Retype, exactly and with nothing added, the lines from the one showing "Falke Socks 5/7.5" through the final line of the material. Omit pictures.

--- Dataset extract ---

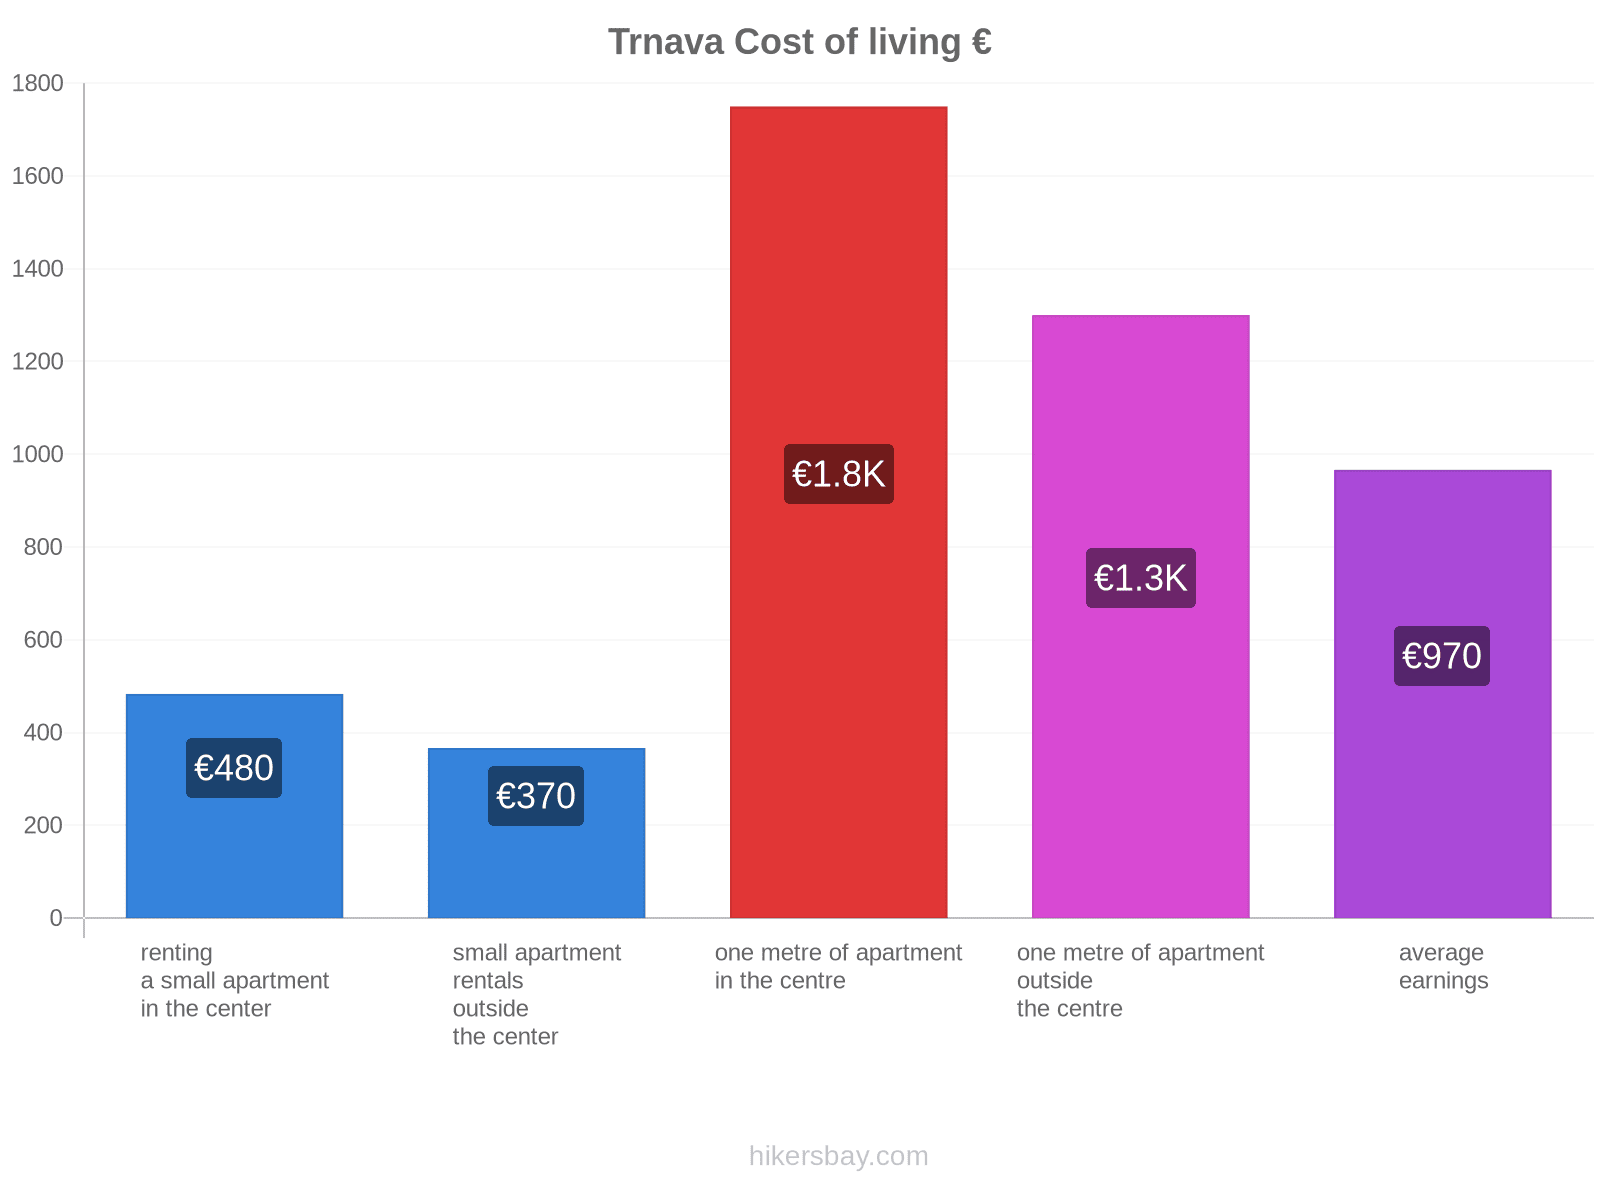 Trnava cost of living hikersbay.com
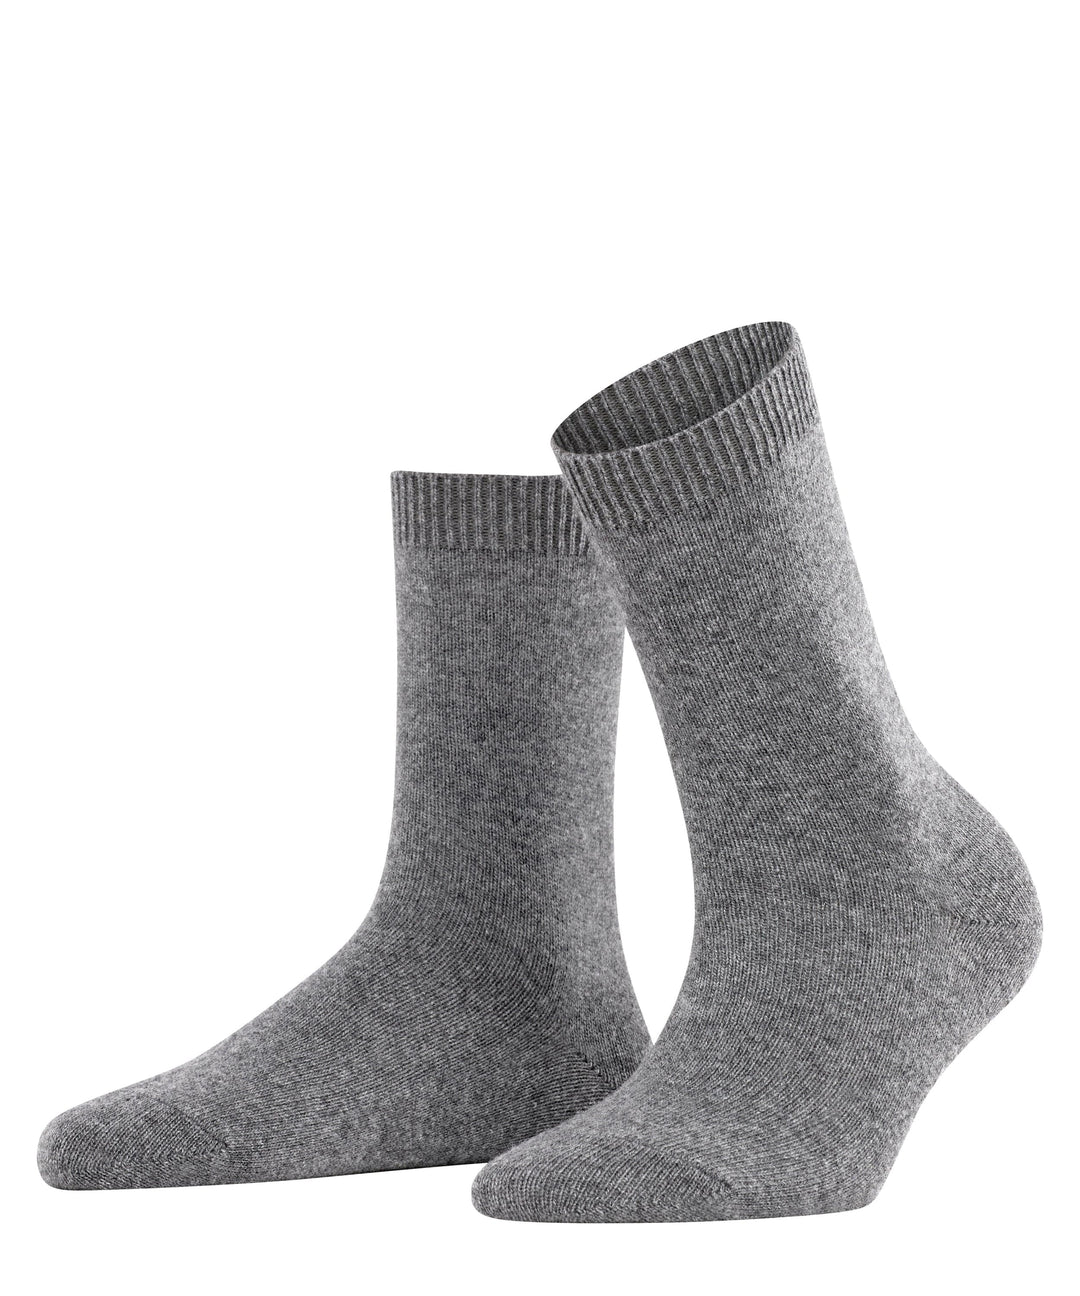 Falke Socks 5/7.5 / Light Grey Cosy Wool Women Socks
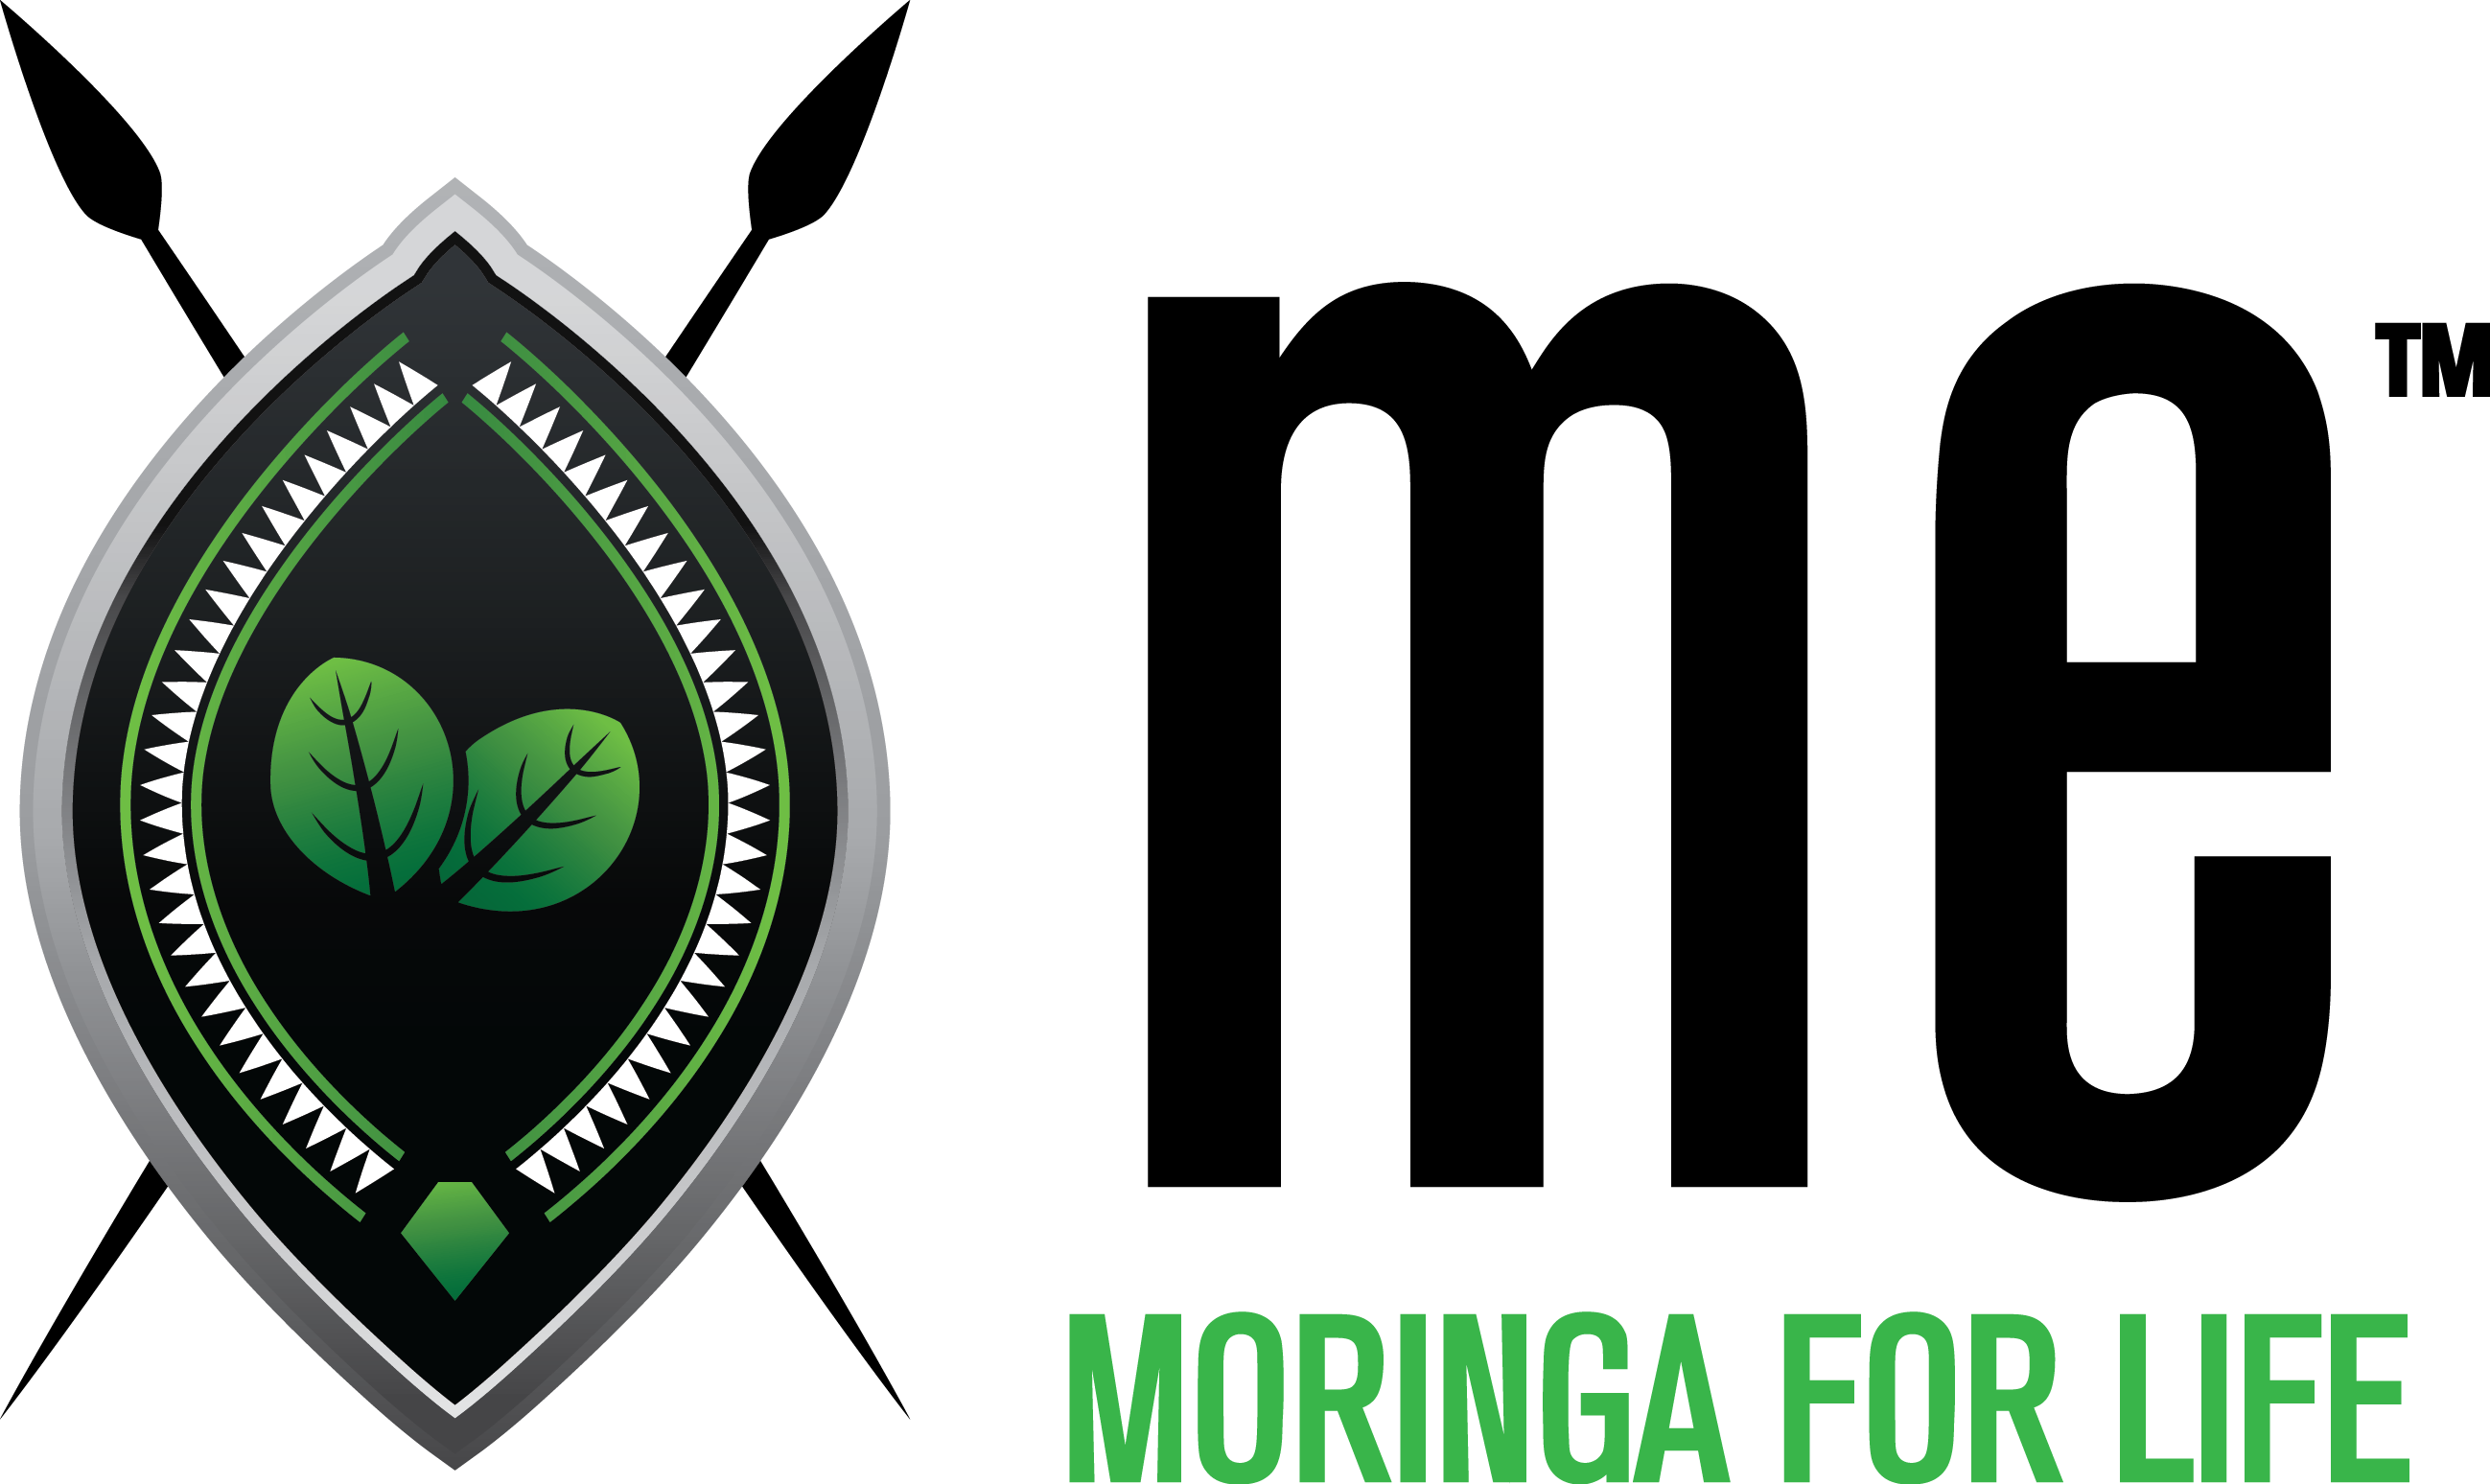 The Moringa Life Style

---

● Written answer
 Falke Socks 5/7.5 / Light Grey Cosy Wool Women Socks
 The Moringa Life Style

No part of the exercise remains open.